I agree, Bruce.  This would be a very nice option to have.
I've thought something like this:
http://www.embeddedarm.com/products/board-detail.php?product=TS-7350
could be made to work, but I'm not sure the CPU is fast enough
(may not have hardware floating point).

Peter should make a single board computer with FPGA and
processor tailored for LinuxCNC.  It might be hard to get the volumes
high enough to keep the price down though.

-- Ralph
________________________________________
From: Bruce Layne [linux...@thinkingdevices.com]
Sent: Tuesday, October 09, 2012 6:19 AM
To: Enhanced Machine Controller (EMC)
Subject: Re: [Emc-users] Mach on Linux

On 10/09/2012 08:58 AM, andy pugh wrote:
> That is what EMC was conceived as.

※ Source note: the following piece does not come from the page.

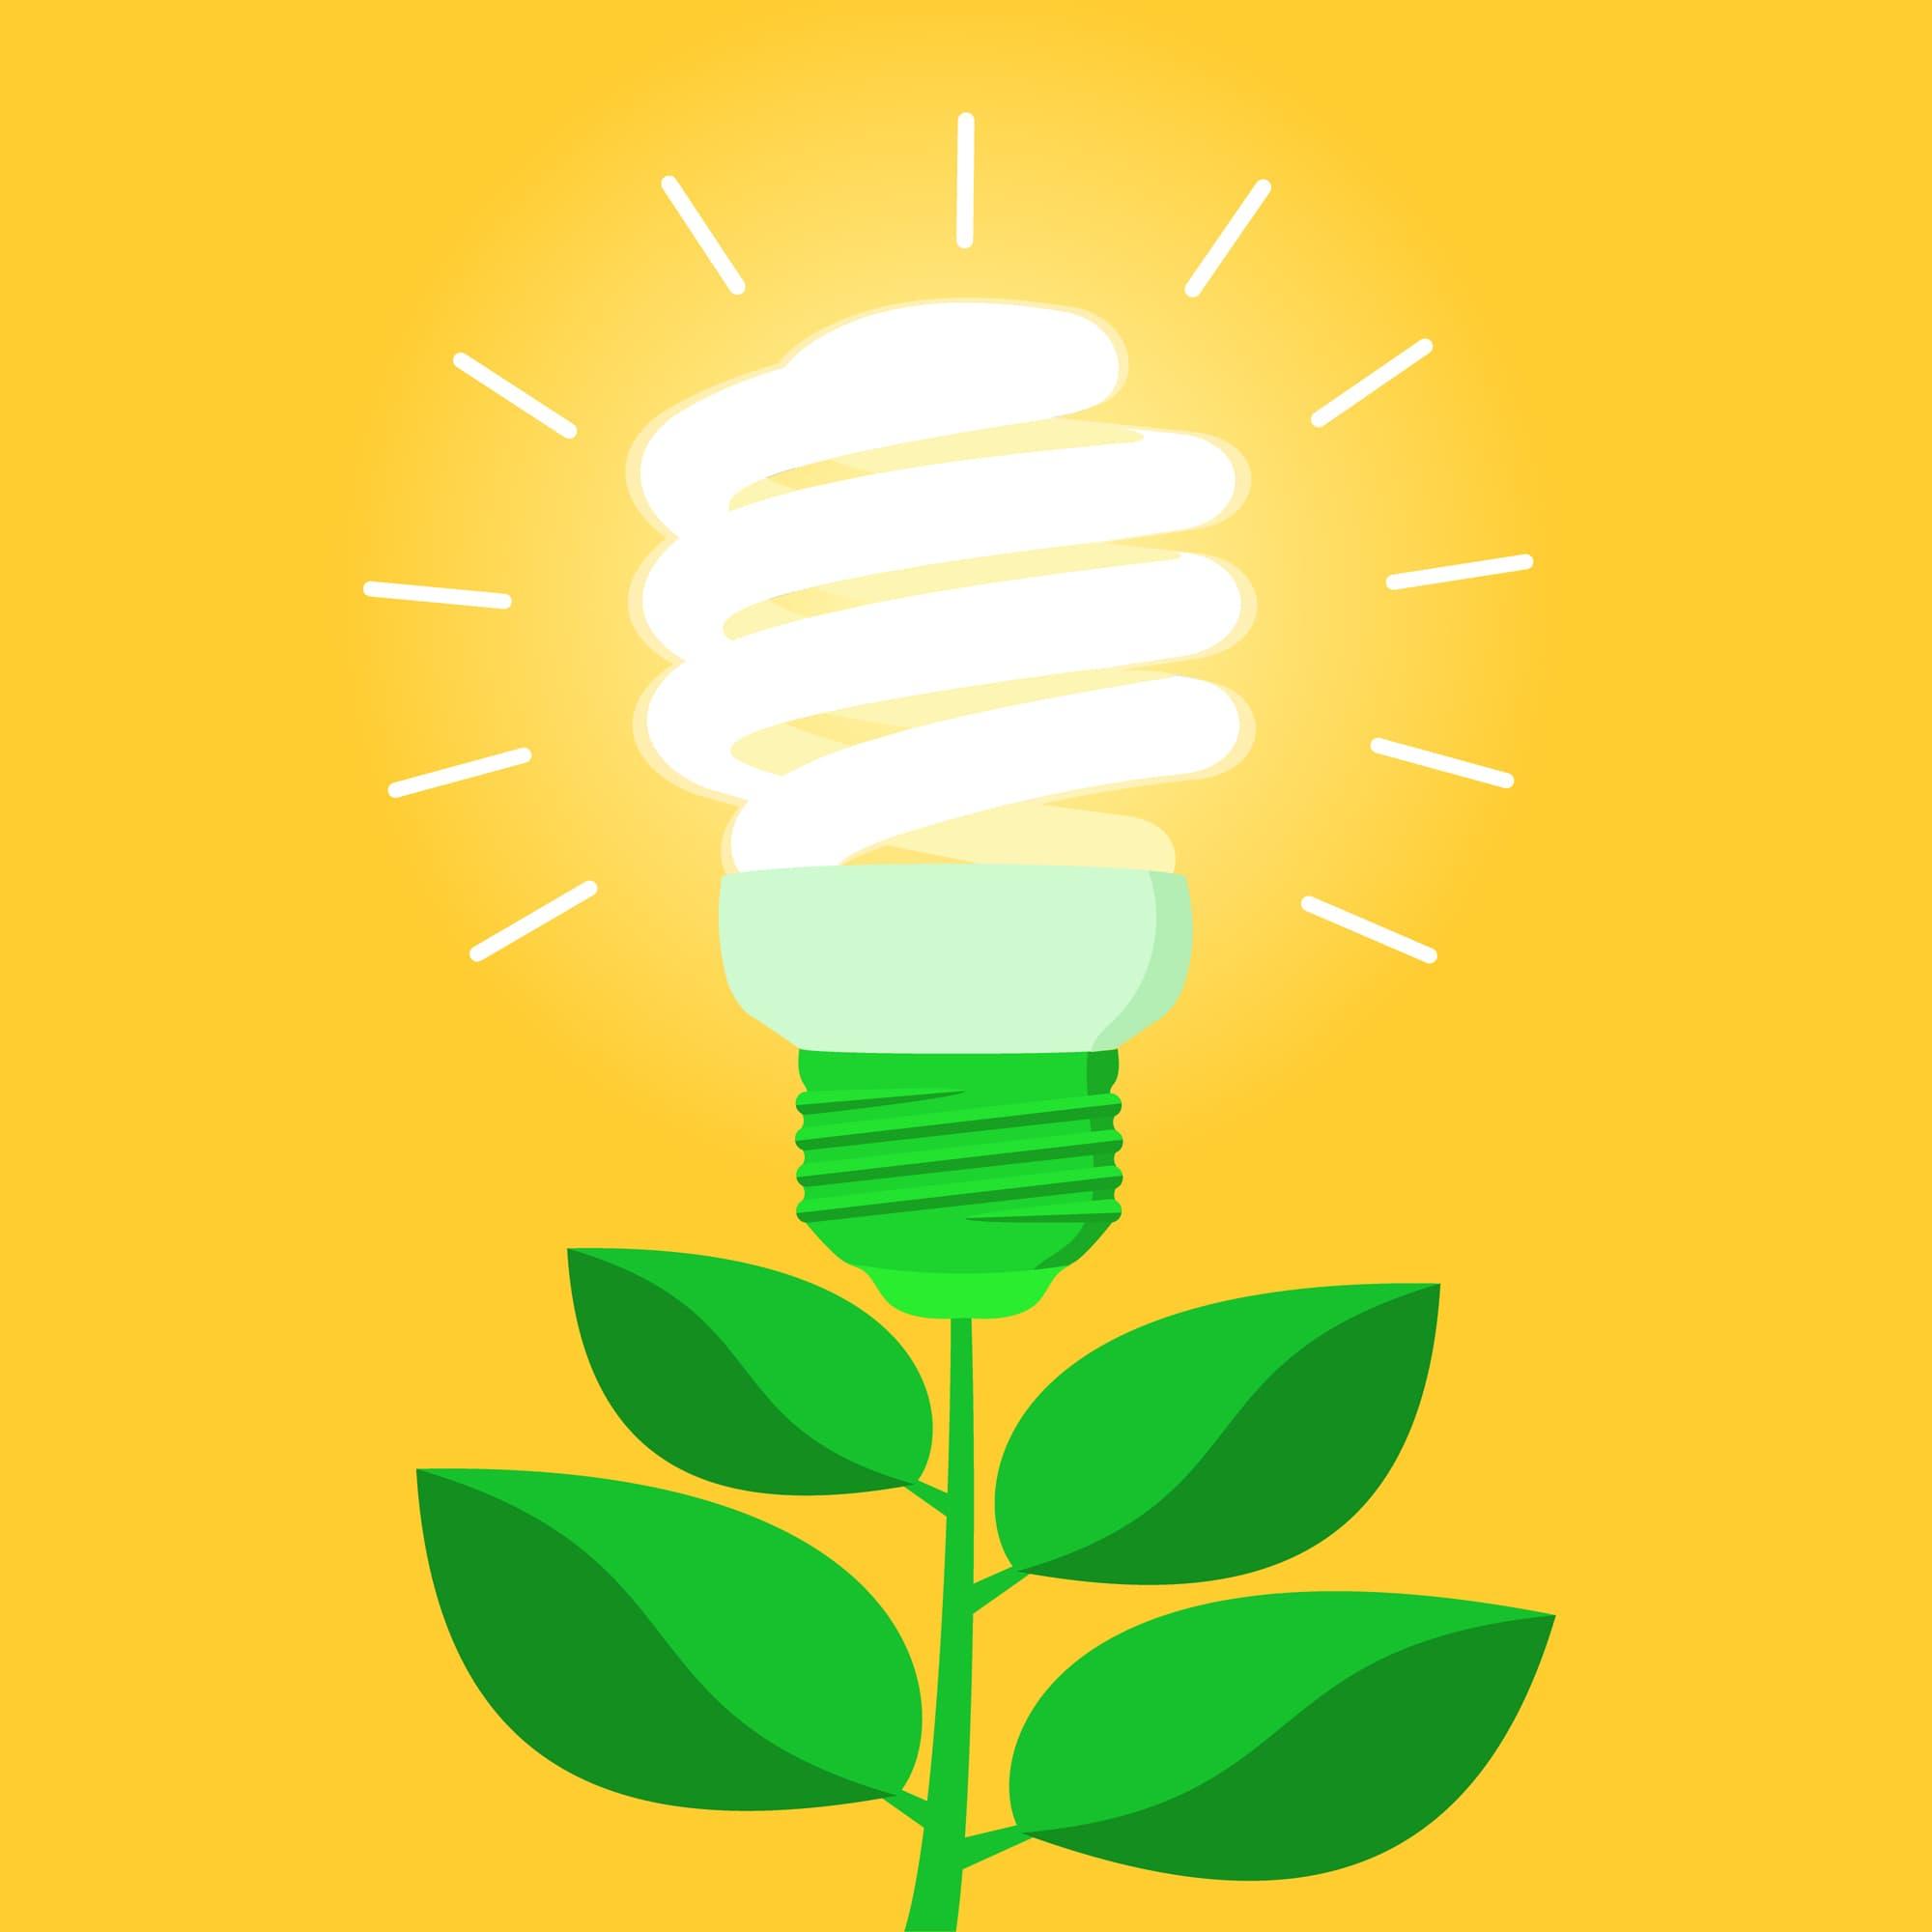 Efficienza energetica: fattore resilienza
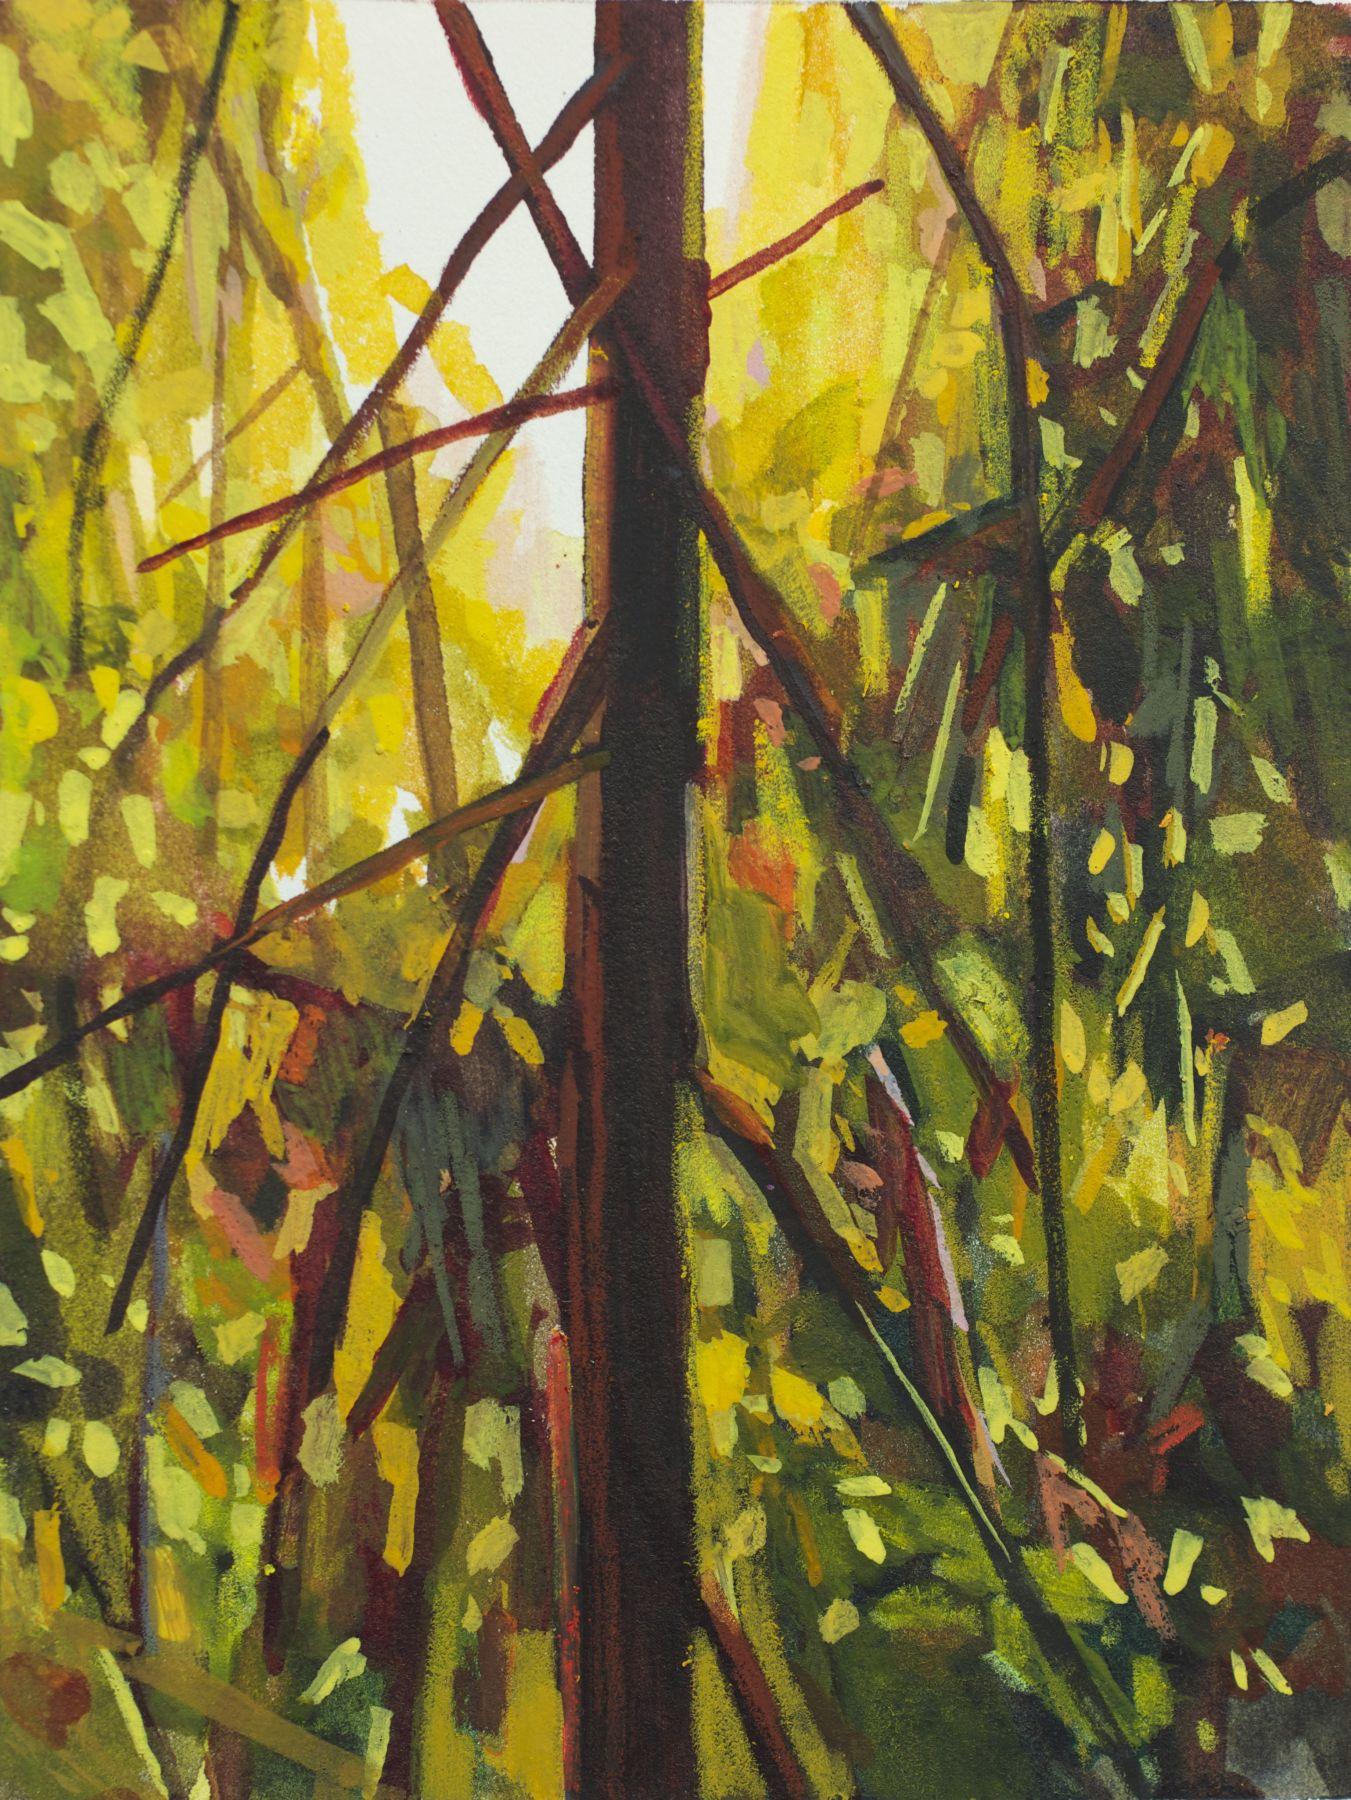 Tree, 2015, mixed media on paper

The whole underlying idea was to
> use cheap, off the shelf, PC hardware for machine control, rather than
> use expensive dedicated hardware.

Does it need to be an exclusive OR function?  Can't we have both?

LinuxCNC was initially conceived to directly control machine motion in
realtime using a parallel port, and it does a very good job of that, but
it now supports a number of commercially available I/O and motion
control hardware products such as Mesa, Opto 22, etc.

I love being able to pick up a cheap or free PC and use it as a machine
controller, but I think it'd also be great if there was a small, low
cost commercially available PC that is pretty much guaranteed to work as
a LinuxCNC controller.  Or maybe a couple of different flavors of
supported LinuxCNC controllers.  Maybe one could boot from USB for
LinuxCNC installation and use flash memory instead of a hard drive for
small embedded LinuxCNC applications in dirty high vibration
environments.  There are definitely advantages to having a known good
controller solution.  Some people would love to spend $150 online and
cross the controller off the To Do list instead of going on a Craig's
List scavenger hunt.  Others are machine integrators who might build 200
new machines a year and they don't want the hassle of validating a PC
for LinuxCNC only to have the PC manufacturer make an unannounced cost
reduction that breaks the realtime application.